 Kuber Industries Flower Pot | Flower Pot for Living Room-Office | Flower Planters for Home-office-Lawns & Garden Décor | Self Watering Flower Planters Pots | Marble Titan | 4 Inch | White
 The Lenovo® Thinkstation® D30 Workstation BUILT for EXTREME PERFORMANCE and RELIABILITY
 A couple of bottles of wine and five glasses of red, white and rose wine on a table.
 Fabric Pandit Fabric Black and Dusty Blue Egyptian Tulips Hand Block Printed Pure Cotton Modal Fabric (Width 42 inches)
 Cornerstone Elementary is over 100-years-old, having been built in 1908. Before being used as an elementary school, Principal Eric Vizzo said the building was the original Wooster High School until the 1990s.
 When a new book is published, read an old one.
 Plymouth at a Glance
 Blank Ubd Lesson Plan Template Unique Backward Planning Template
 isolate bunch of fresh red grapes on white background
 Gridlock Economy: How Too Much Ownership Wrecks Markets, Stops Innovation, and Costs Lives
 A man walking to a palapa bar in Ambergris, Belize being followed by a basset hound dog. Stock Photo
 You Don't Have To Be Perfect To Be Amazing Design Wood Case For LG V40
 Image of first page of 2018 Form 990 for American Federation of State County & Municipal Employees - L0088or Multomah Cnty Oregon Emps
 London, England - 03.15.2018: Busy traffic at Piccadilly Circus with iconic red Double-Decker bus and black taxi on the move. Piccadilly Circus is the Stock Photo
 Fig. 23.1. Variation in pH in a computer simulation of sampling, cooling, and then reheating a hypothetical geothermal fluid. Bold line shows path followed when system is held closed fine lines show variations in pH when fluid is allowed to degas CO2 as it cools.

[What needs to be done]
The answer should hold only the lines from the start of the records above through the line containing "Blank Ubd Lesson", each set down exactly.

[Answer section]
 Kuber Industries Flower Pot | Flower Pot for Living Room-Office | Flower Planters for Home-office-Lawns & Garden Décor | Self Watering Flower Planters Pots | Marble Titan | 4 Inch | White
 The Lenovo® Thinkstation® D30 Workstation BUILT for EXTREME PERFORMANCE and RELIABILITY
 A couple of bottles of wine and five glasses of red, white and rose wine on a table.
 Fabric Pandit Fabric Black and Dusty Blue Egyptian Tulips Hand Block Printed Pure Cotton Modal Fabric (Width 42 inches)
 Cornerstone Elementary is over 100-years-old, having been built in 1908. Before being used as an elementary school, Principal Eric Vizzo said the building was the original Wooster High School until the 1990s.
 When a new book is published, read an old one.
 Plymouth at a Glance
 Blank Ubd Lesson Plan Template Unique Backward Planning Template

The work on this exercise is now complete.